The official opening of the Parthenon in 438 B.C. and the completion of its decorative sculptures in the years following were a landmark in the history of Athenian art. While it can hardly be asserted that vase-painting copied these models in minute detail, it does at least show strong influence from them and echoes their spirit.

One of the most important painters of the period was the Achilles Painter, already at work in the middle years of the century and until at least 430 B.C. or so. He had a particular fondness for fastidious draughtsmanship of lonely figures lost in the dark background of large pots. His figures are notable for their gentleness, restrained emotion and harmonious equilibrium: the scenes he portrayed have an atmosphere of heroic idealism. The Phiale Painter, a pupil of the Achilles Painter, took the same options as his master, enriching them with greater narrativity. The types of pot he decorated were the pelike, the amphora, and also the giant bell-krater. For two of these kraters he uses the white-ground technique: the result is extremely attractive and at the same time gives us a taste of what major painting must have been like.

We know of at least three other vase-painters with the same name as the famous mural-painter Polygnotus. The most important of them was working in the third quarter of the 5th century B.C. In technique, this Polygnotus follows in the footsteps of the Niobid Painter. In his best work he strikes the heroic note and the scenes shown are normally of riders or of battles with Amazons or Centaurs.
During the third quarter of the 5th century B.C., certain vase-painters continued with old-fashioned mannerisms and ornament, bringing subjects that had been popular in the Archaic period back for an encore. There is a striking variation in quality about their work. We find fresh, animated subjects side by side with far too many lifeless and technically uneven vogue pieces.

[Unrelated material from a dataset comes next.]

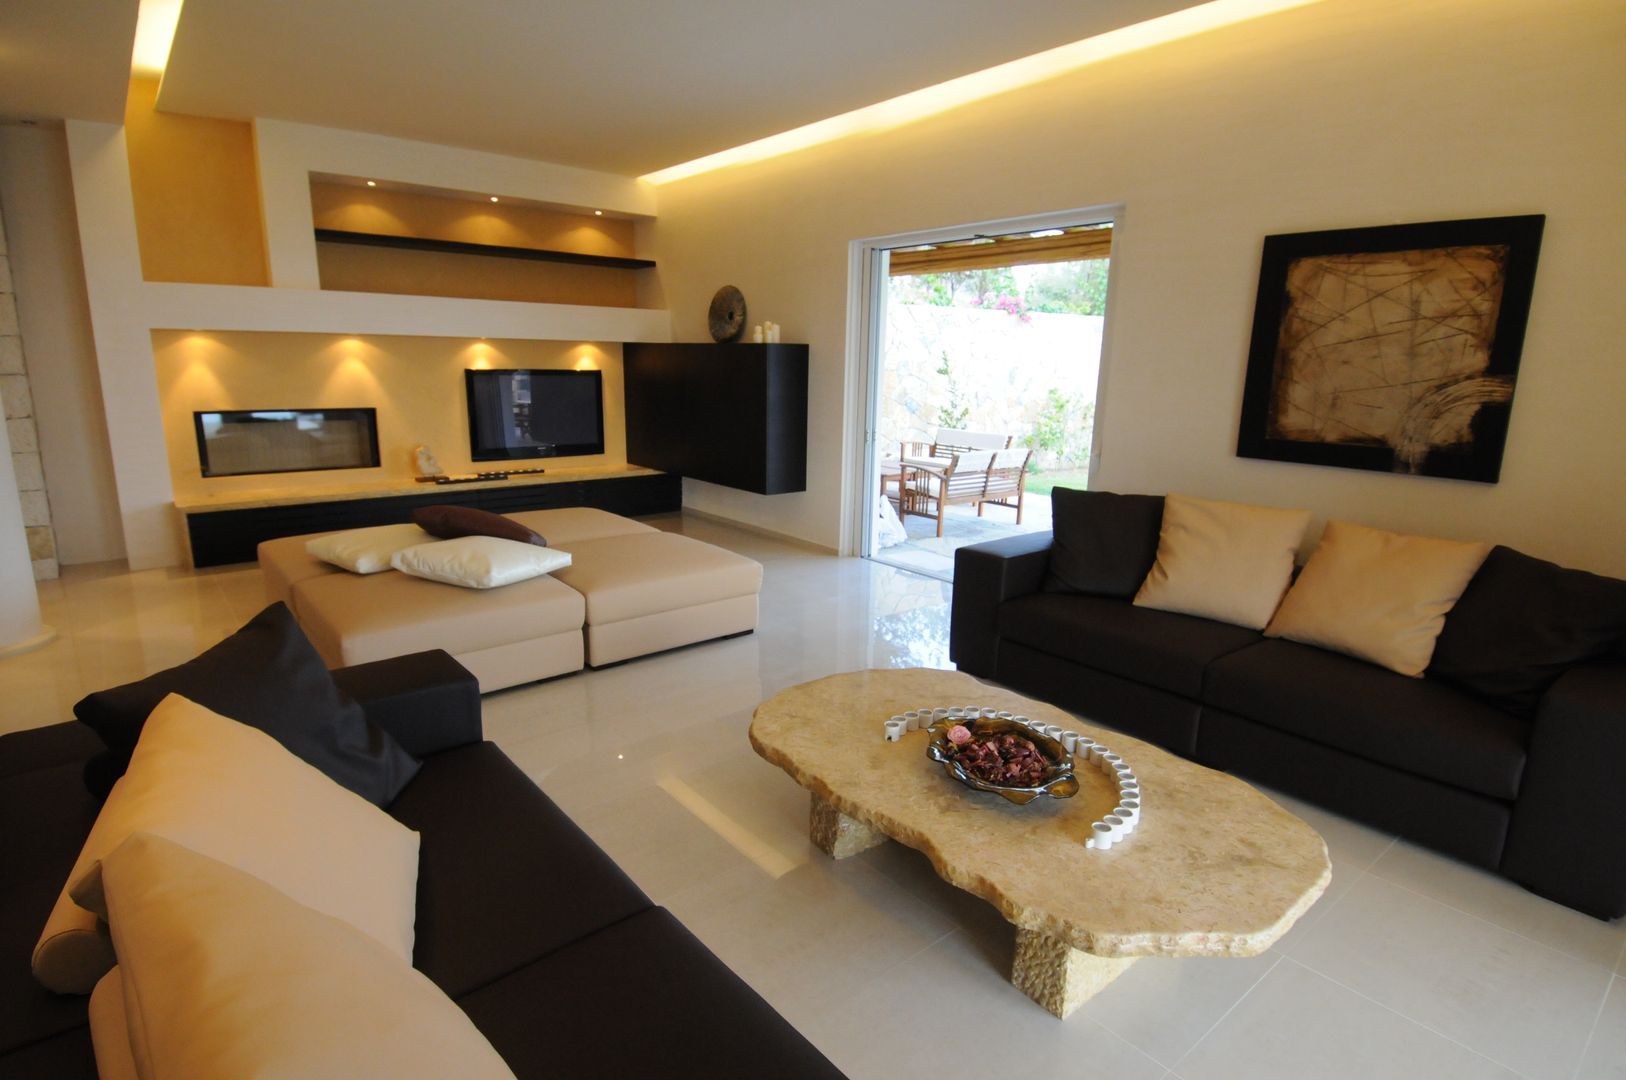 Vista dell'area relax del soggiorno CARLO CHIAPPANI interior designer Soggiorno in stile mediterraneo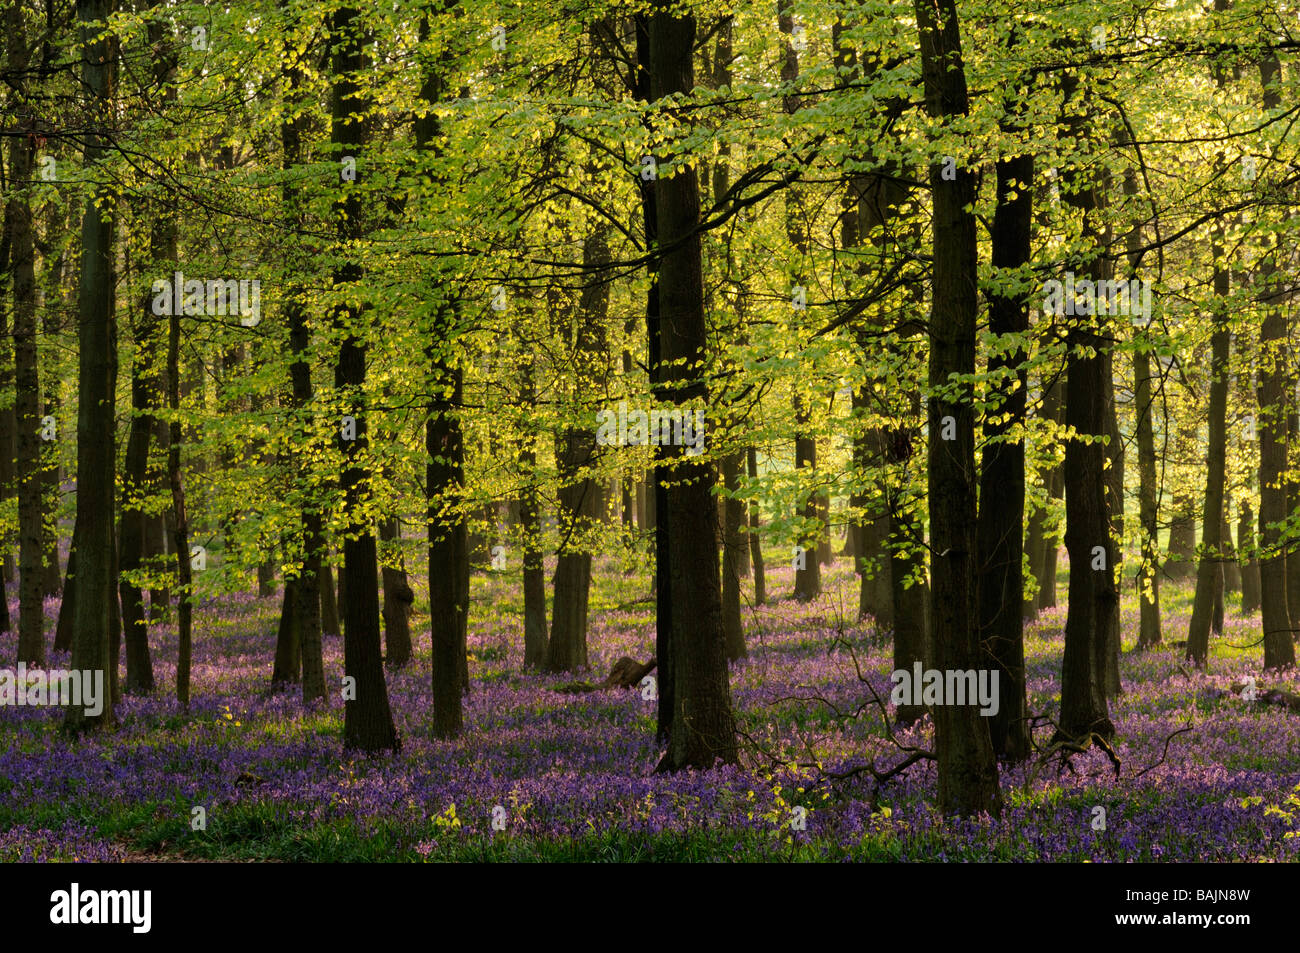 Dockey Wood ,Ashridge estate, Hertfordshire, England, UK Stock Photo

But the most important of the vase-painters of this period was the Eretria Painter. The types he decorated were: kylix; squat lekythos; moulded vessels; and epinetron. Some of these breathe new life into the multi-figure, multi-level compositions of the Eretria Painter's predecessors; others marry red-figure technique with white-ground technique. From the technical point of view, he is a painter who pays great attention to detail. His style is exquisite but never pompous. The austere calm of paintings of the Parthenon years has been replaced by emotion. These were elements which were to influence the up-and-coming 'Rich style'.